Inverse Functions: Arcsecant (Part 26)

We now turn to a little-taught and perhaps controversial inverse function: arcsecant. As we’ve seen throughout this series, the domain of this inverse function must be chosen so that the graph of $y = \sec x$ satisfies the horizontal line test. It turns out that the choice of domain has surprising consequences that are almost unforeseeable using only the tools of Precalculus.

The standard definition of $y = \sec^{-1} x$ uses the interval $[0,\pi]$ — or, more precisely, $[0,\pi/2) \cup (\pi/2, \pi]$ to avoid the vertical asymptote at $x = \pi/2$. This portion of the graph of $y = \sec x$ satisfies the horizontal line test and, conveniently, matches almost perfectly the domain of $y = \cos^{-1} x$. This is perhaps not surprising since, when both are defined, $\cos x$ and $\sec x$ are reciprocals. Since this range of $\sec^{-1} x$ matches that of $\cos^{-1} x$, we have the convenient identity $\sec^{-1} x = \cos^{-1} \left( \displaystyle \frac{1}{x} \right)$

To see why this works, let’s examine the right triangle below. Notice that $\cos \theta = \displaystyle \frac{x}{1} \qquad \Longrightarrow \qquad \theta = \cos^{-1} x$.
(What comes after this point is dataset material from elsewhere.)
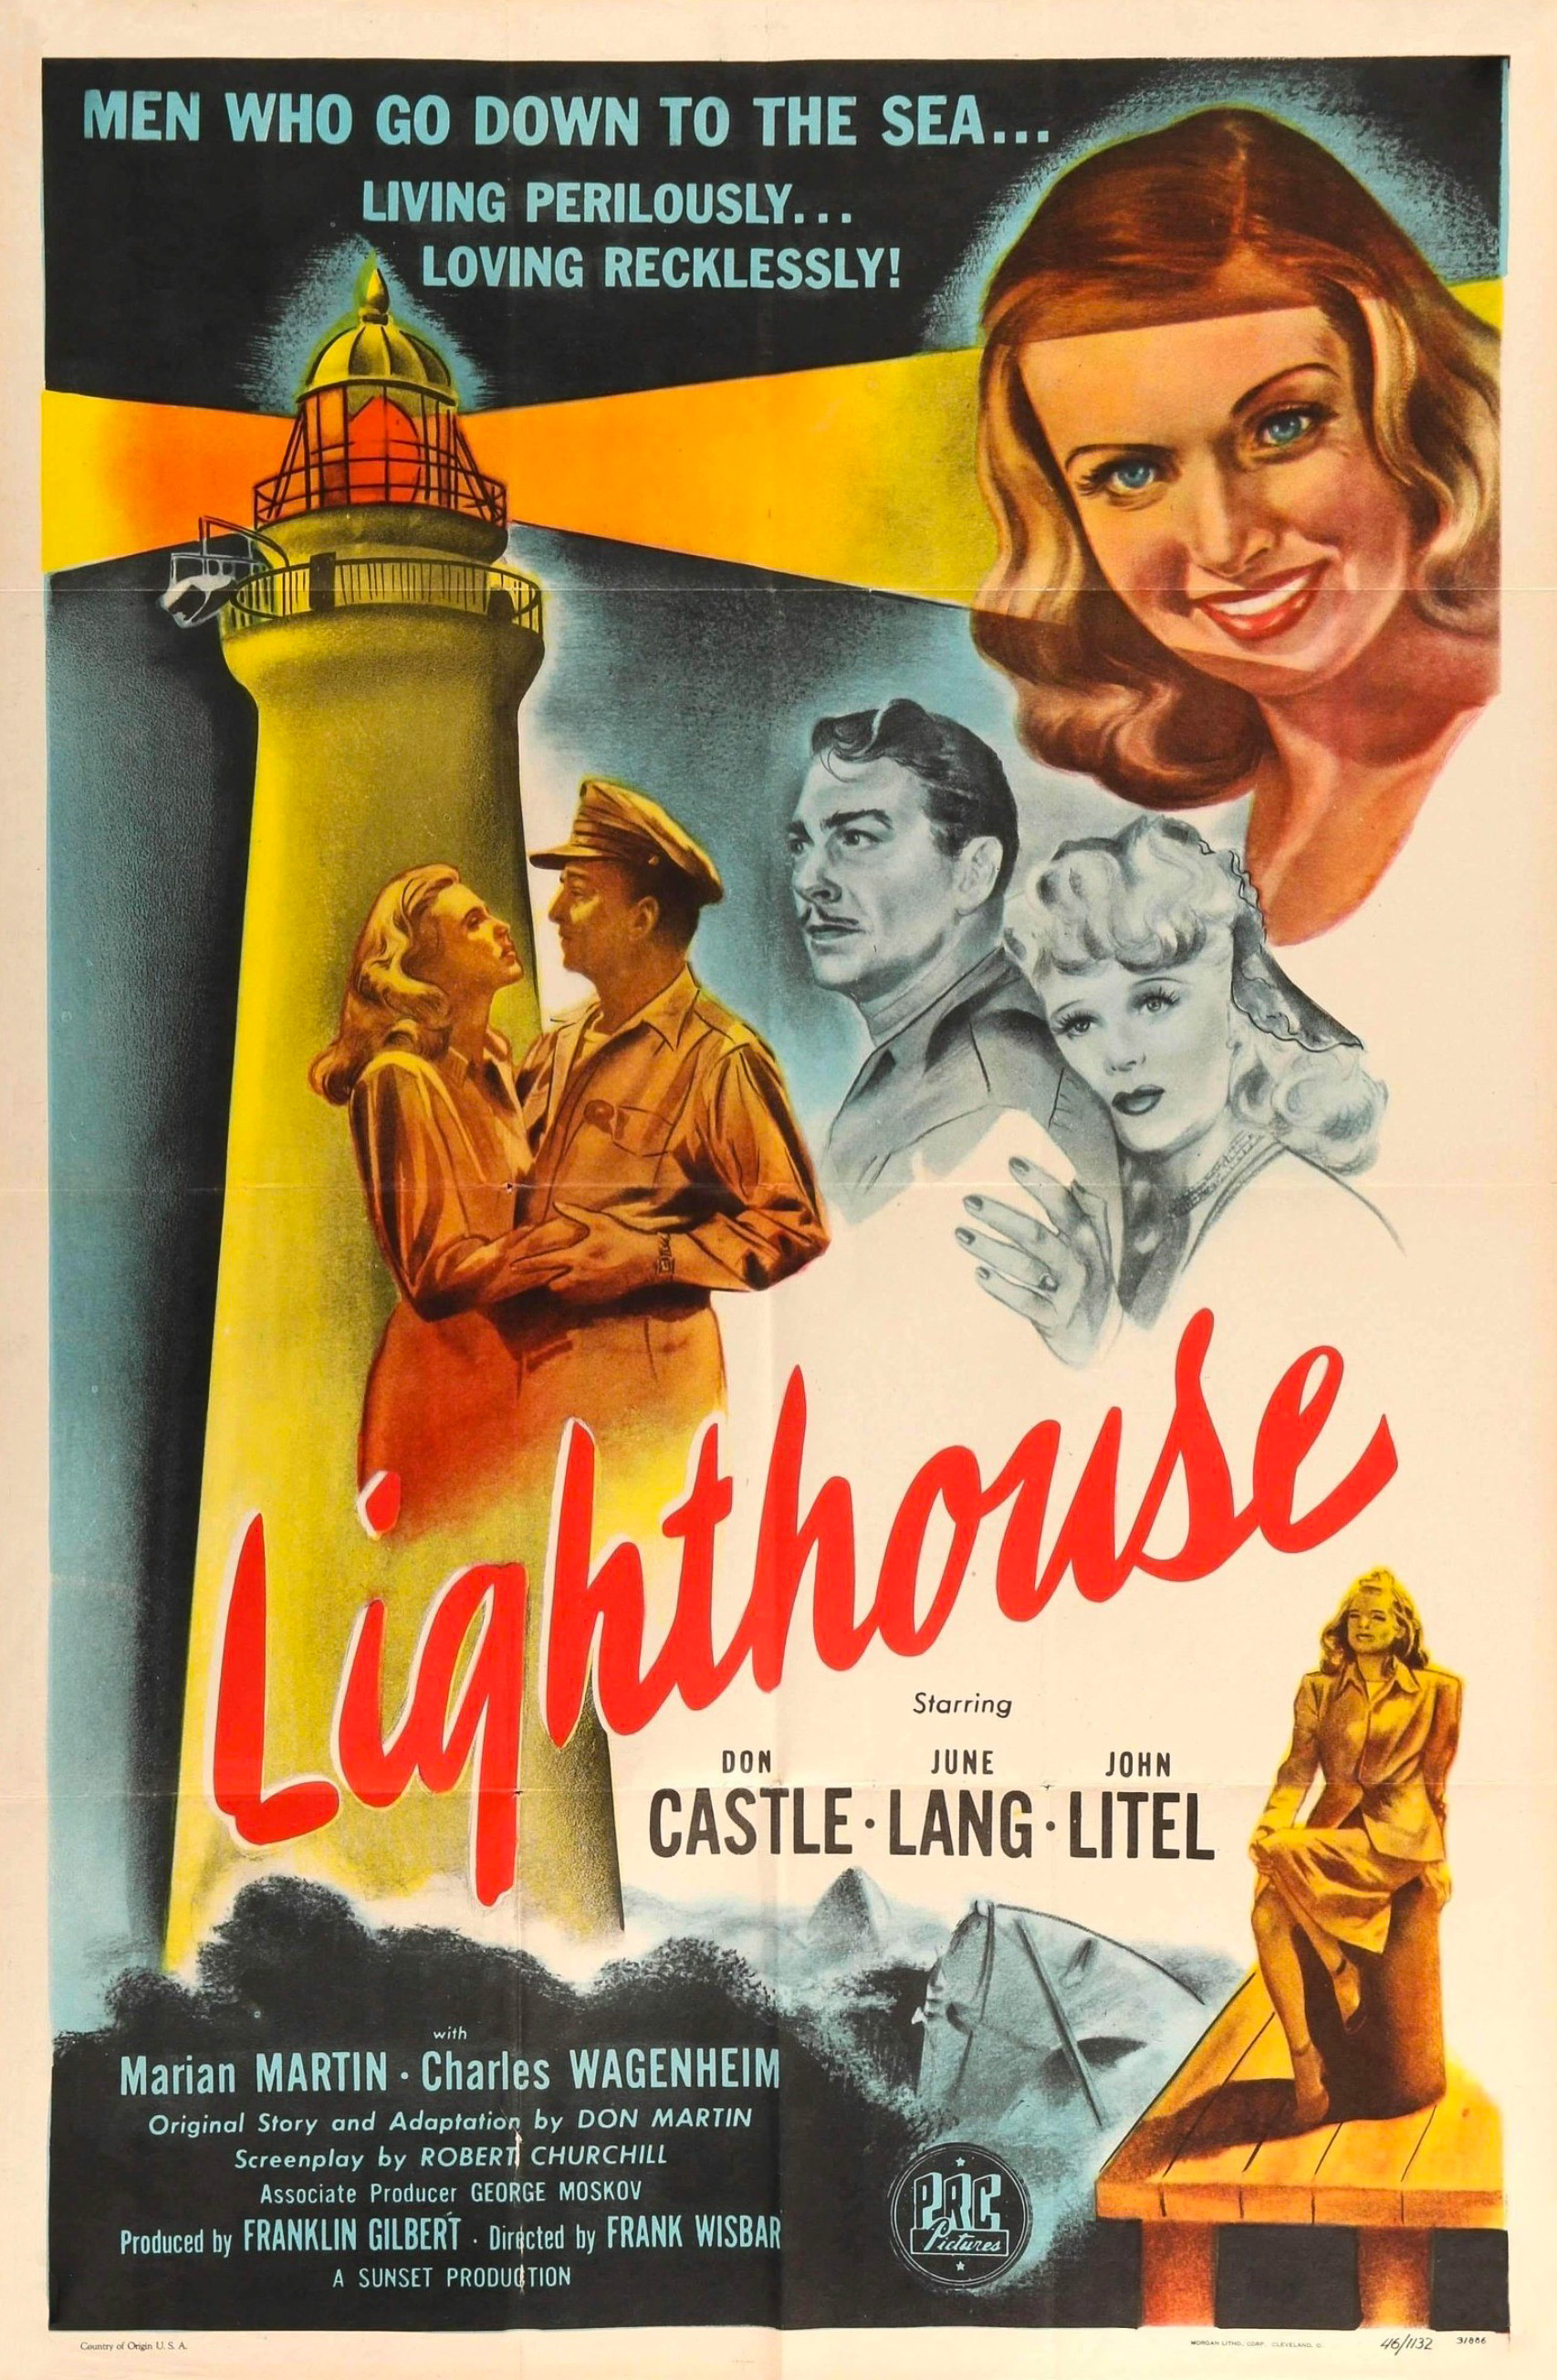 Lighthouse (1947) Screenshot 1 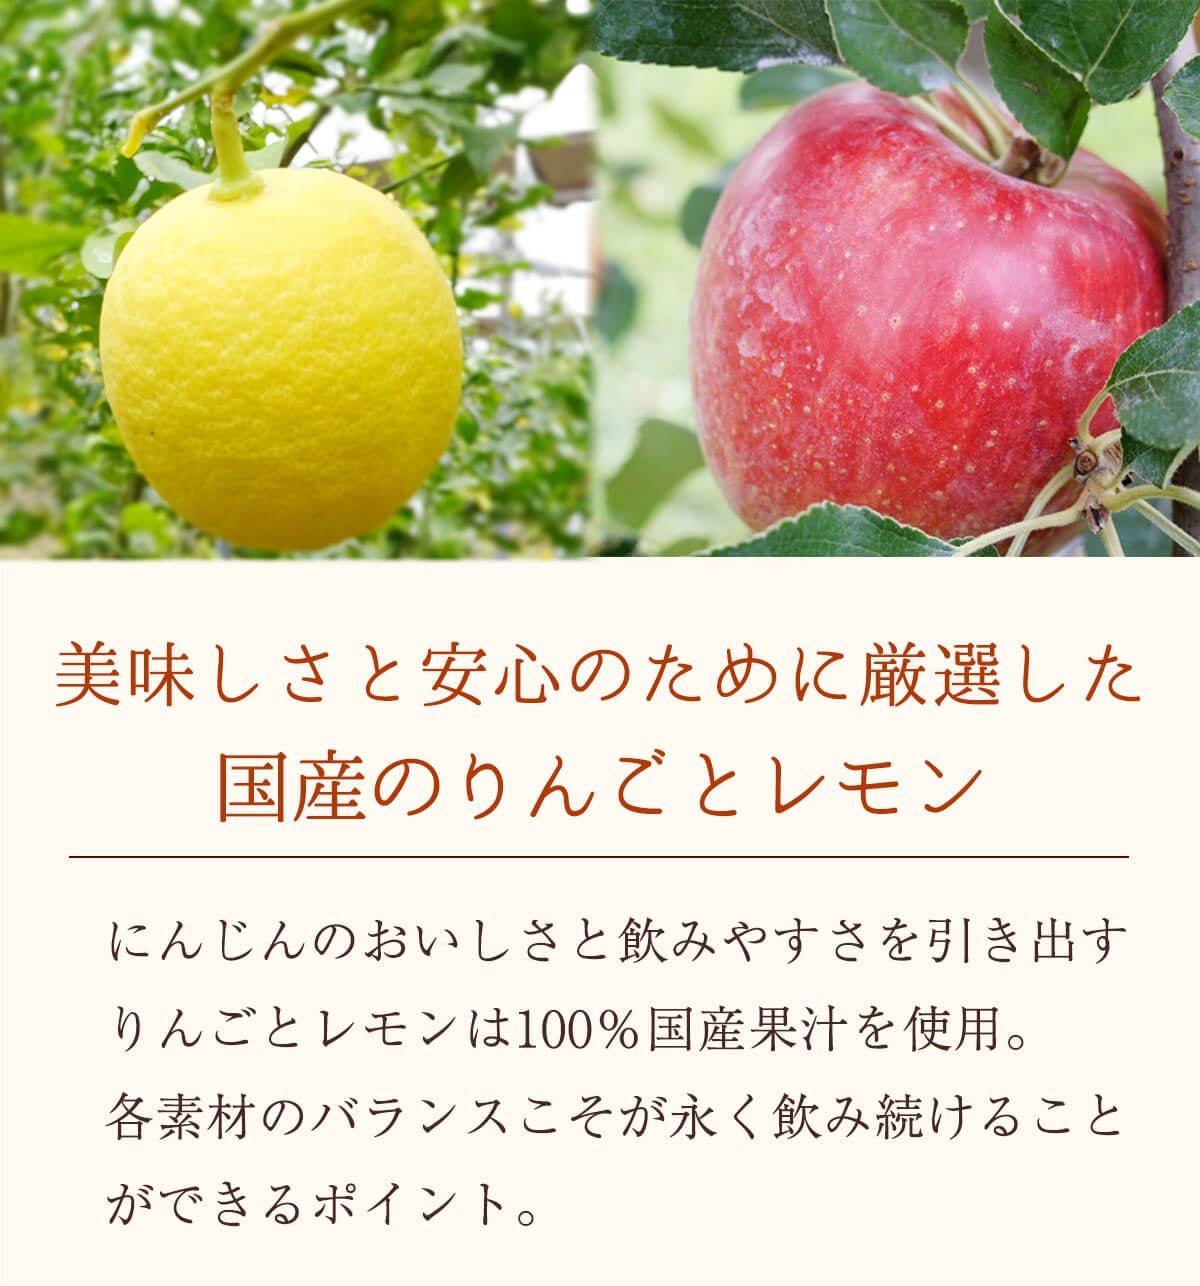 国産のりんごとレモン

Also, $\sec\theta = \displaystyle \frac{1}{x} \qquad \Longrightarrow \qquad \theta = \cos^{-1} \left( \displaystyle \frac{1}{x} \right)$.

This argument provides the justification for $0 < \theta < \pi/2$ — that is, for $x > 1$ — but it still works for $x = 1$ and $x \le -1$.

So this seems like the most natural definition in the world for $\sec^{-1} x$. Unfortunately, there are consequences for this choice in calculus, as we’ll see in tomorrow’s post.